Konkordato Şoku! İnşaat ve İmalat Sektörü Alarm Veriyor
Türkiye ekonomisi zorlu bir süreçten geçerken, şirketlerin konkordato başvurularındaki artış endişe verici boyutlara ulaştı. Özellikle inşaat ve imalat sektörleri bu durumdan en çok etkilenen alanlar oldu. 2025 yılının ilk sekiz ayında yapılan konkordato başvuruları, geçen yılın toplamını %73 oranında aşarak rekor kırdı. Bu durum, ekonomideki sıkışıklığın ve şirketlerin finansal zorluklarının açık bir göstergesi olarak yorumlanıyor.

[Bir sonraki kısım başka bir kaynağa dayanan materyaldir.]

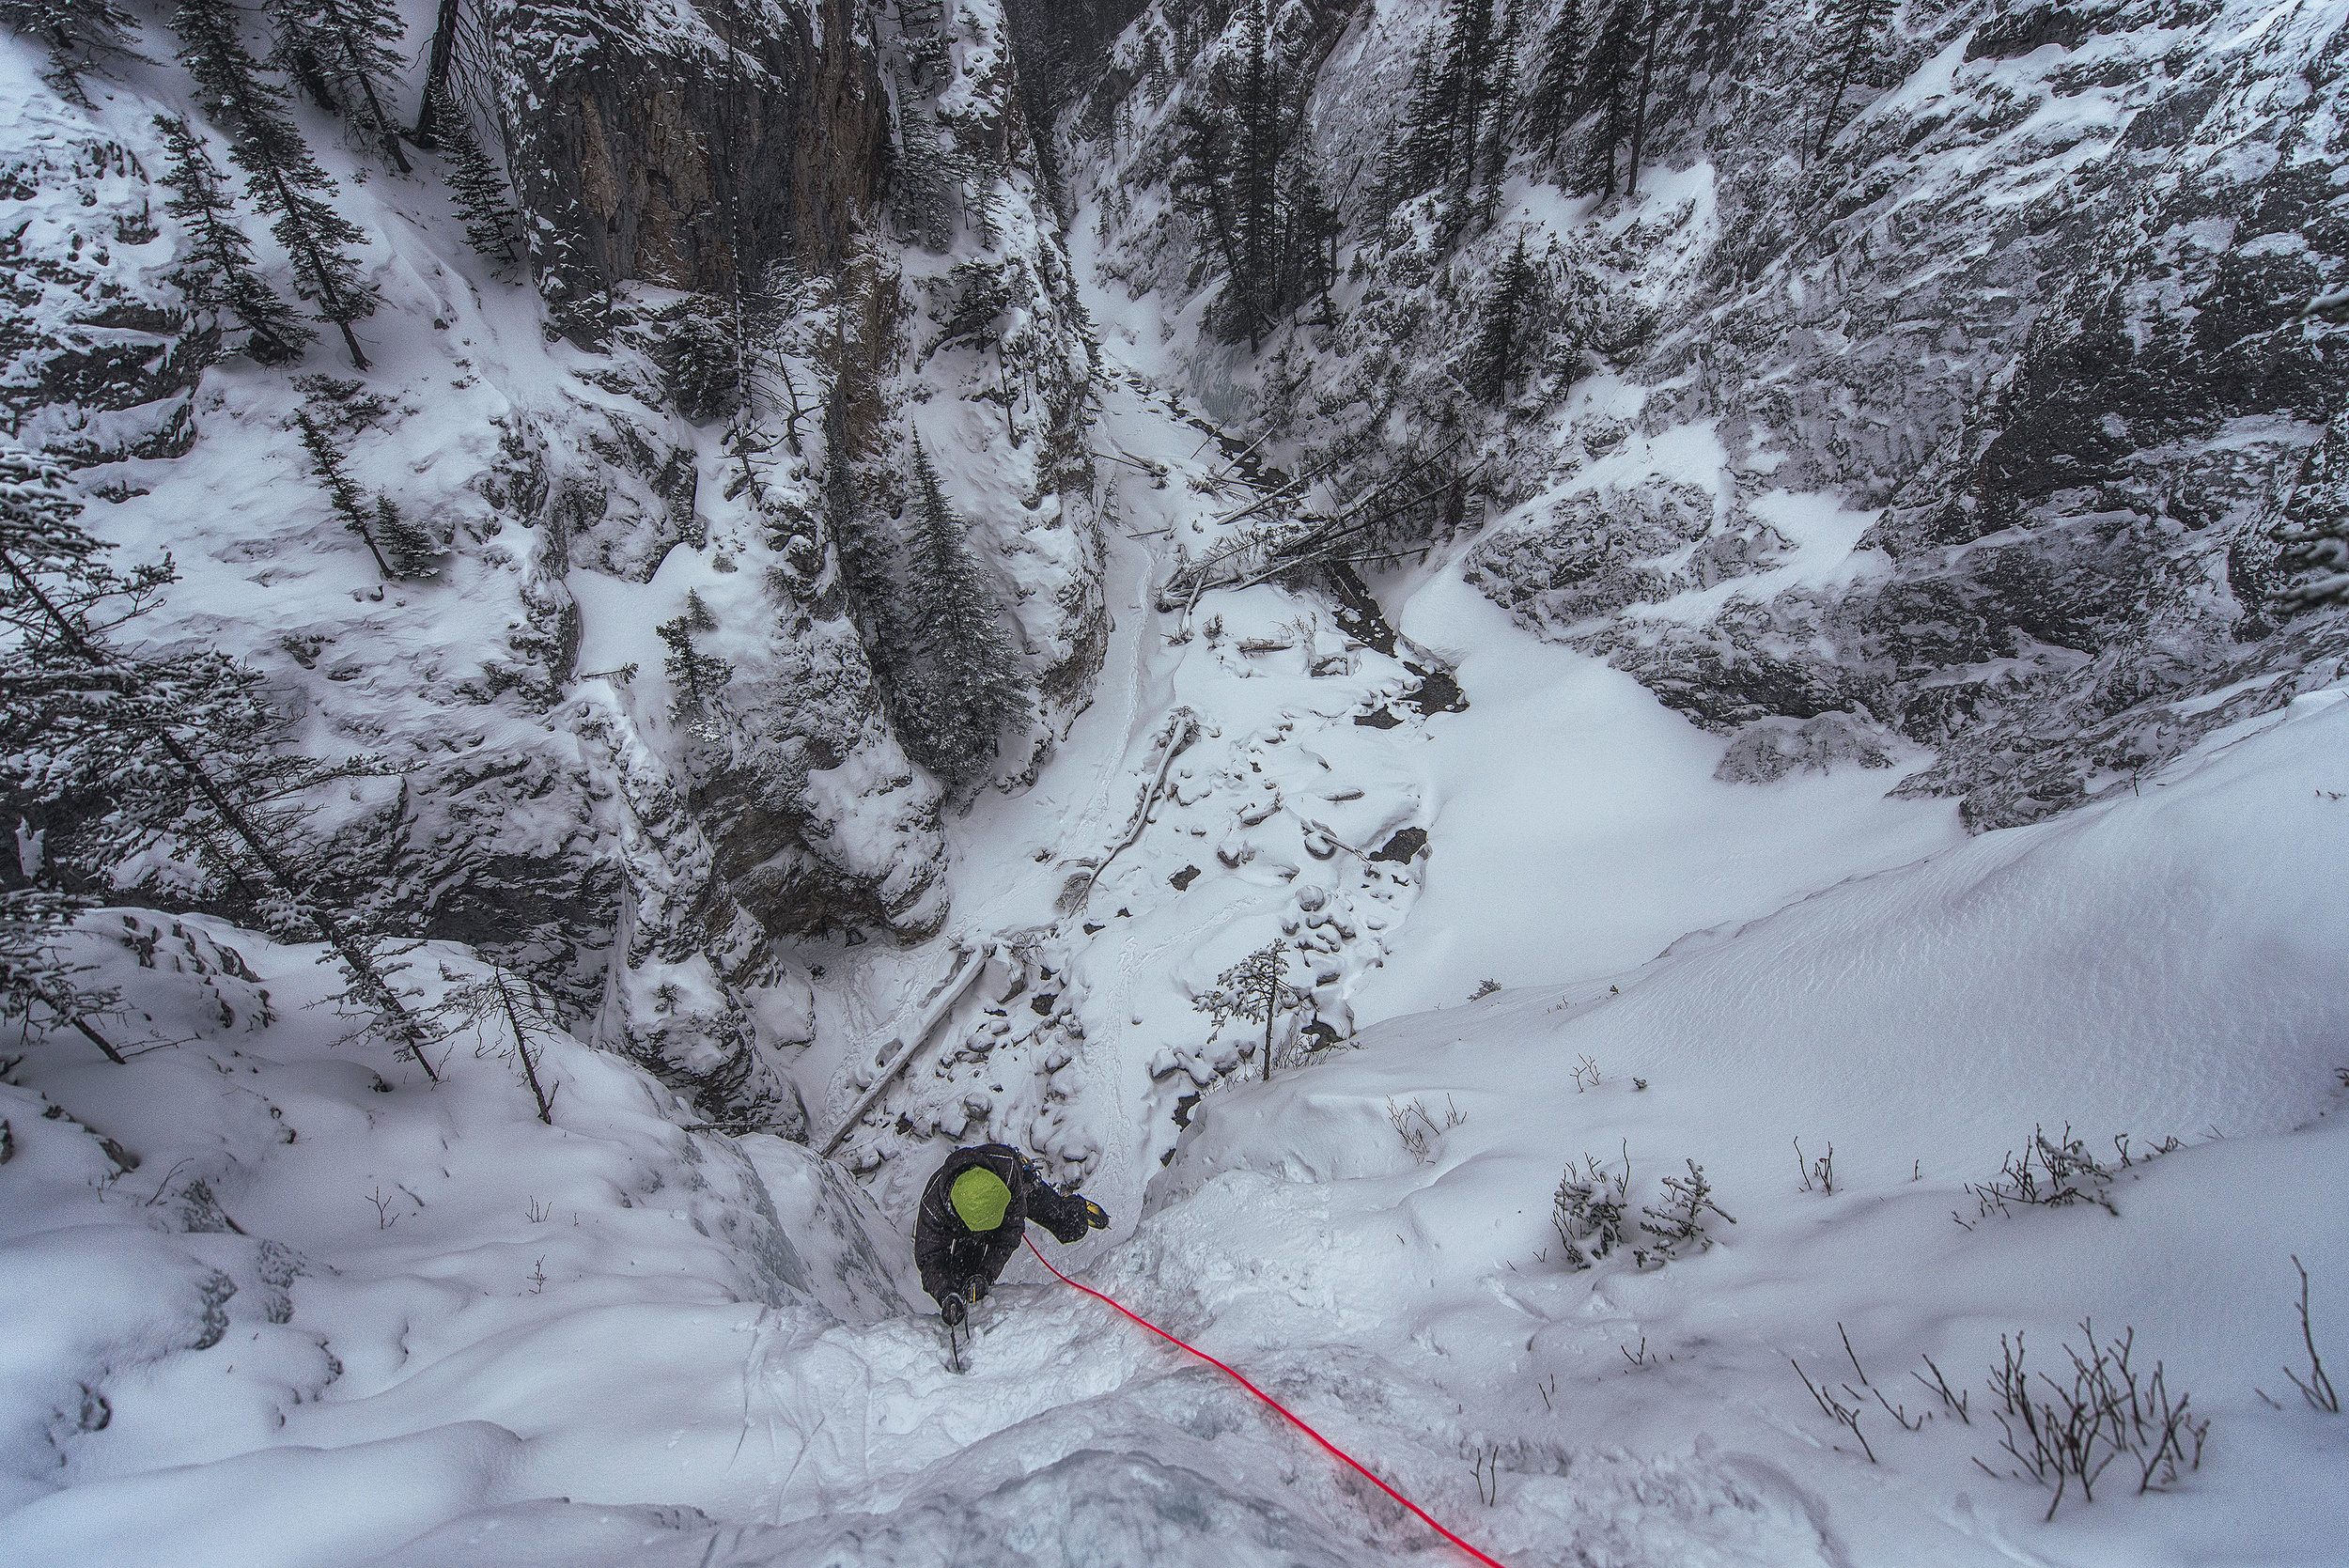 austin-trigg-ice-climbing-king-creek-alberta.jpg

Konkordato Başvurularında Rekor Artış
Son beş yılda toplam 2 bin 718 konkordato başvurusu yapılırken, 2025 yılı 994 başvuruyla zirveye oturdu. Bu rakamlar, şirketlerin içinde bulunduğu zor durumu net bir şekilde ortaya koyuyor. Ekonomistler, bu artışın nedenlerini farklı faktörlere bağlıyor:
- Yüksek enflasyon ve artan maliyetler
- Döviz kurlarındaki dalgalanmalar
- Talep düşüşü ve pazar daralması
- Finansmana erişimde yaşanan zorluklar
Bu faktörlerin bir araya gelmesi, özellikle borç yükü altında olan şirketlerin konkordato ilan etmek zorunda kalmasına neden oluyor.

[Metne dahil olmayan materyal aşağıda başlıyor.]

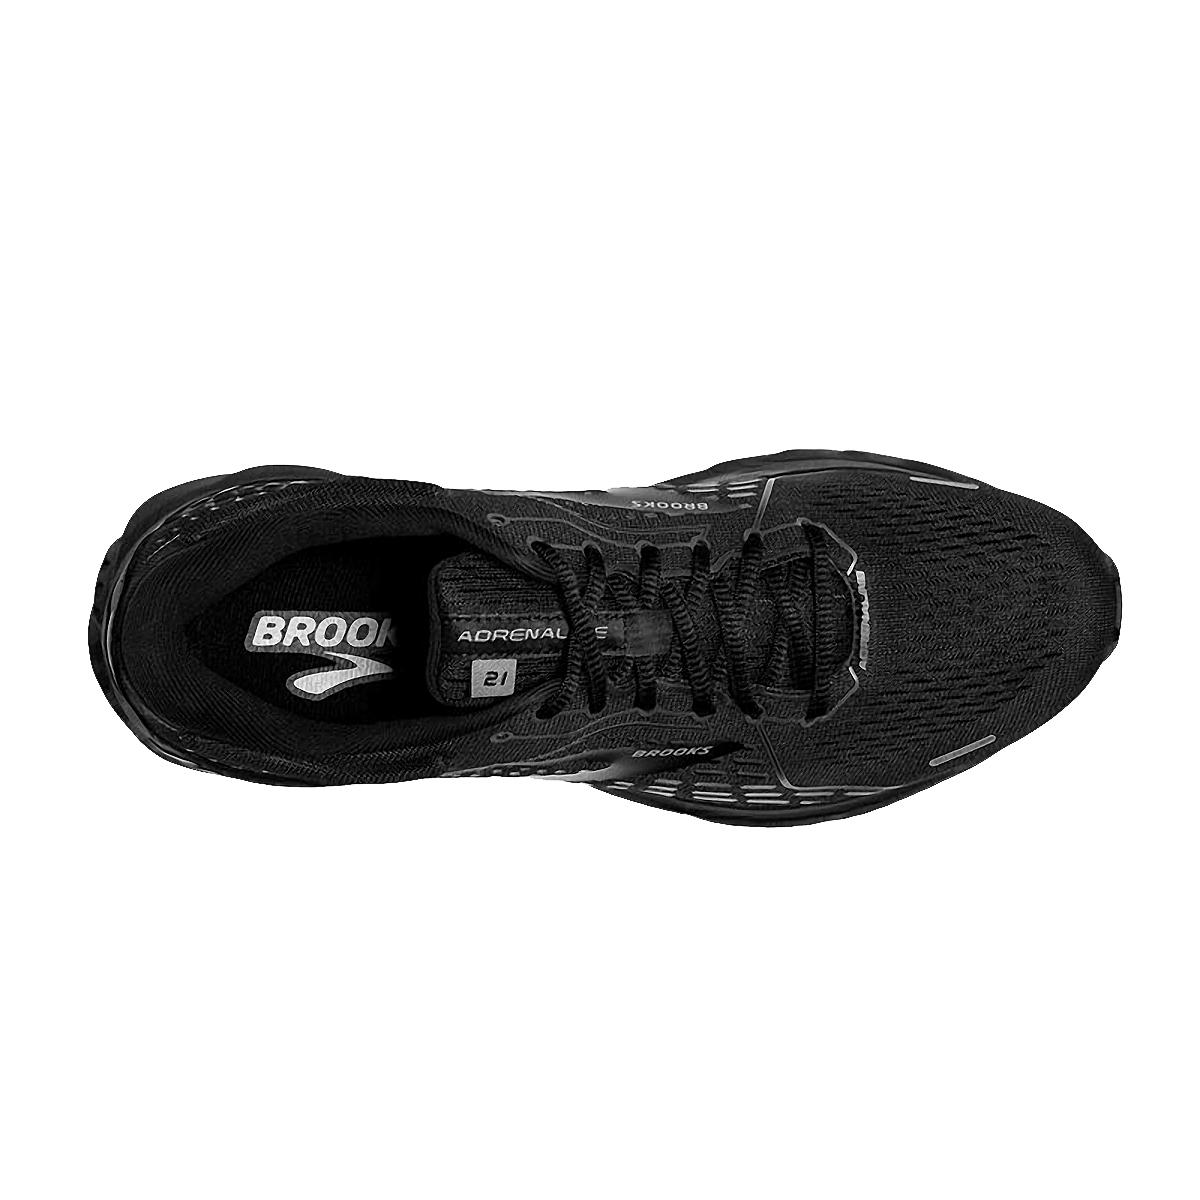 Men's Brooks Adrenaline GTS 21 Running Shoe - Color: Black/Black/Ebony - Size: 7 - Width: Regular, Black/Black/Ebony, large, image 3

İnşaat ve İmalat Sektörleri Neden Etkileniyor?
İnşaat ve imalat sektörleri, ekonomik dalgalanmalardan en çok etkilenen sektörler arasında yer alıyor. Bunun başlıca nedenleri şunlardır:
- Yüksek girdi maliyetleri: İnşaat ve imalat sektörleri, demir, çimento, enerji gibi yüksek maliyetli girdilere bağımlıdır. Bu girdilerdeki fiyat artışları, şirketlerin karlılığını olumsuz etkiliyor.
- Finansman zorlukları: İnşaat projeleri genellikle uzun vadeli ve yüksek maliyetli olduğu için, şirketler finansmana ihtiyaç duyarlar. Ancak bankaların kredi verme konusunda daha seçici davranması, şirketlerin finansmana erişimini zorlaştırıyor.
- Talep daralması: Ekonomik belirsizlikler, tüketicilerin ve yatırımcıların harcamalarını kısmasına neden oluyor. Bu durum, inşaat ve imalat sektörlerindeki talebi azaltıyor.
Bu faktörler, inşaat ve imalat sektörlerindeki şirketlerin finansal durumunu kötüleştirerek konkordato başvurularının artmasına yol açıyor.
Ekonomik Etkileri ve Beklentiler
Konkordato başvurularındaki artış, sadece şirketleri değil, tüm ekonomiyi etkileyebilecek bir durumdur. Bu durumun potansiyel etkileri şunlardır:
- İşsizlik artışı: Konkordato ilan eden şirketler, genellikle işçi çıkarmak zorunda kalırlar. Bu durum, işsizlik oranının artmasına neden olabilir.
- Alacaklıların zararları: Konkordato ilan eden şirketlerin alacaklıları, alacaklarının tamamını veya bir kısmını tahsil edemeyebilirler. Bu durum, alacaklıların finansal durumunu olumsuz etkileyebilir.
- Ekonomik büyümenin yavaşlaması: Konkordato başvurularındaki artış, yatırım iştahını azaltarak ekonomik büyümenin yavaşlamasına neden olabilir.
Ekonomistler, hükümetin bu duruma karşı önlemler alması gerektiğini vurguluyor. Şirketlere finansal destek sağlanması, vergi düzenlemeleri yapılması ve yatırım ortamının iyileştirilmesi gibi adımlar, konkordato başvurularının önüne geçebilir.
Konkordato başvurularındaki bu alarm verici artış, Türkiye ekonomisinin kırılganlığını gözler önüne seriyor. Özellikle inşaat ve imalat sektörlerindeki şirketlerin yaşadığı zorluklar, ekonomide daha derin sorunlara yol açabilir. Hükümetin ve ilgili kurumların, bu duruma karşı hızlı ve etkili önlemler alması, ekonomik istikrarın sağlanması açısından büyük önem taşıyor. Aksi takdirde, konkordato fırtınası daha da büyüyebilir ve ekonomide kalıcı hasarlara neden olabilir.